Access to Treatment in Poor countries:
The True Face of Pascal Lamy

Act Up-Paris
May 27, 2002


Pascal Lamy, the European trade representative, who presented himself as the spearhead of the fight for access to medicines(1), is finally returning to the bosom of Big Pharma as shown by the proposals of the European Commission in the negotiations at the TRIPS Council.

Last November at Doha the Member States of the WTO instructed the TRIPS Council to find a solution before the end of 2002 making it possible for generic producing countries to export generics to countries which arenčt producing themselves. Now the proposals of the European Commission, which play down the importance of universally recognized public health needs, run counter to the spirit of the Doha declaration on "TRIPS and Public Health", and restrict the export of generics by all possible means:

  1. Through discrimination: For the European Commission, countries wishing to use generics would have to prove they are sufficiently poor, weak or incapable of producing generics on their own, that their needs are genuine or that the illness they are combating is sufficiently serious(cf www.actupp.org/article510.htlm -- in French only).

    According to Gaëlle Krikorian of Act Up-Paris: "not only is the procedure obscene, but the Commission simply denies the sovereignty of such countries and the fundamental rights of their people.
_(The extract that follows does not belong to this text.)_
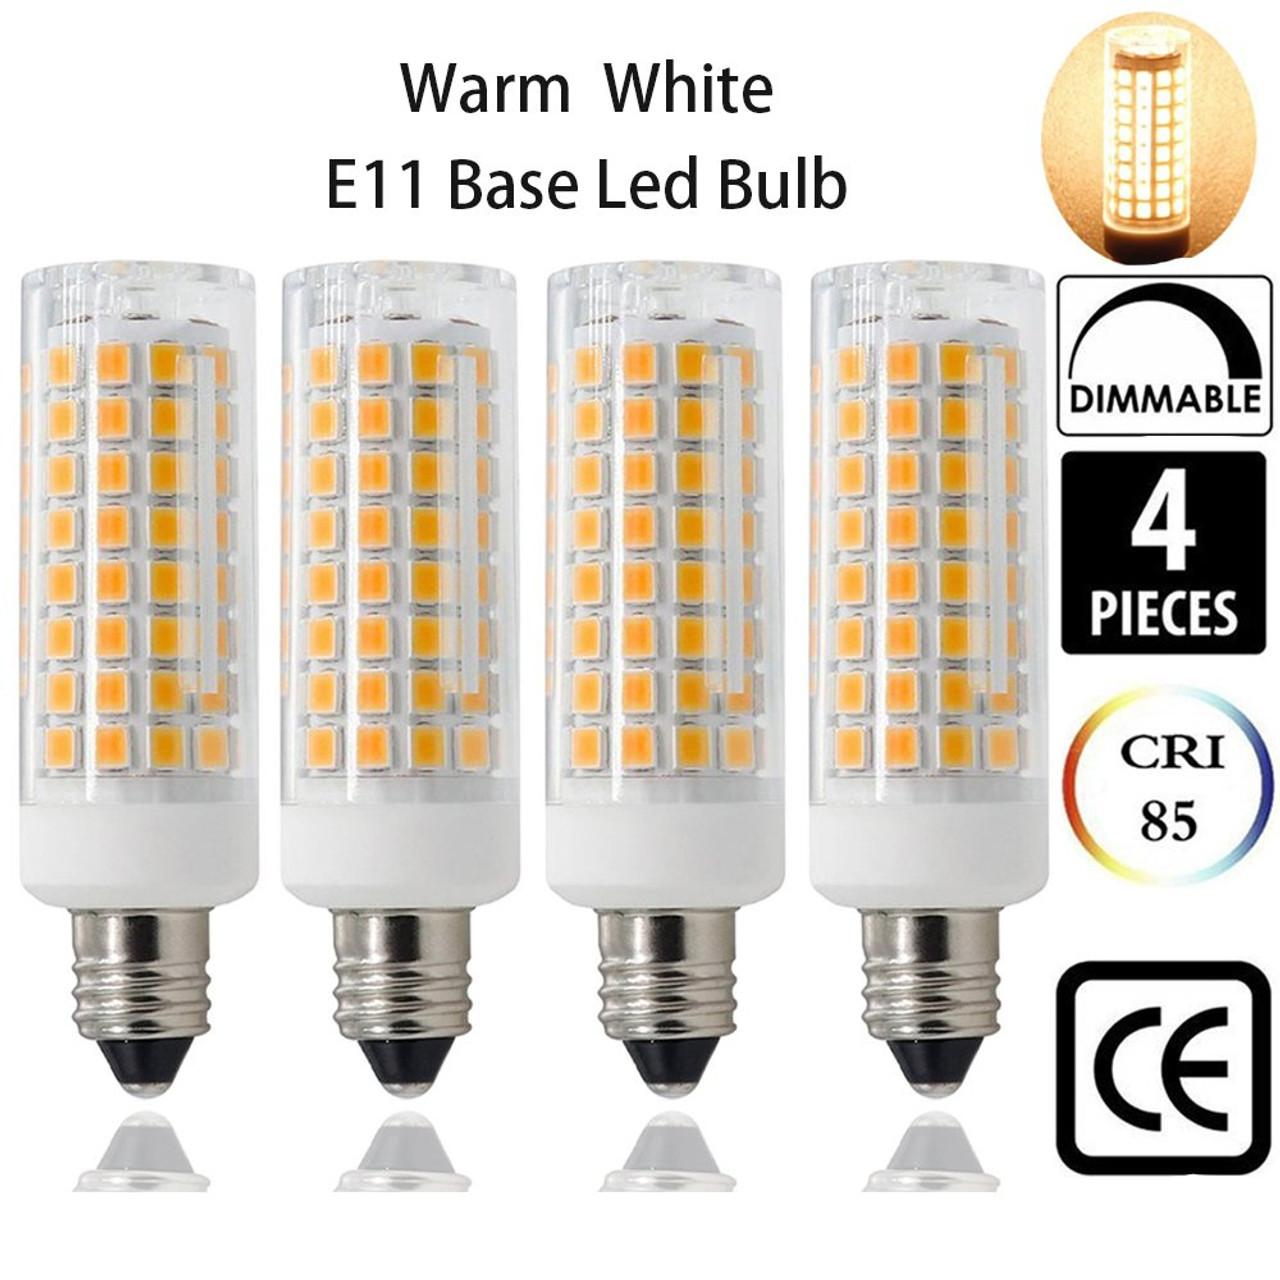 New E11 Led Light Bulbs All New 102 Leds Mini Candelabra Base Bulb Warm White 3000k 120 Volt 75w Or 100w Equivalent Halogen Replacement Lights 850

It denies the fact that sick people in poor countries who suffer from illnesses or symptoms that are not deadly, but severely debilitating, such as arthritis, chronic depression or polio, have the same rights as people in rich countries to have access to health care or live without pain."

  2. Through constraint: The European Commission is trying to impose on producing as well as importing countries a whole array of restrictions and safeguards the only purpose of which is to limit the very production of generics.

    For Act Up-Paris, "such measures are absurd as well as unethical. It is up to rich countries, which already have the means at their disposal to regulate and control imports, to make sure they monitor imports at their own borders."

Besides, by requiring from countries wishing to import generics that they give innumerable guarantees and justify the legitimacy of their policy in many different ways, the European Commssion makes them the easy targets for the very same pressures and threats that have prevented them so far from issuing compulsory licences and obtaining generics.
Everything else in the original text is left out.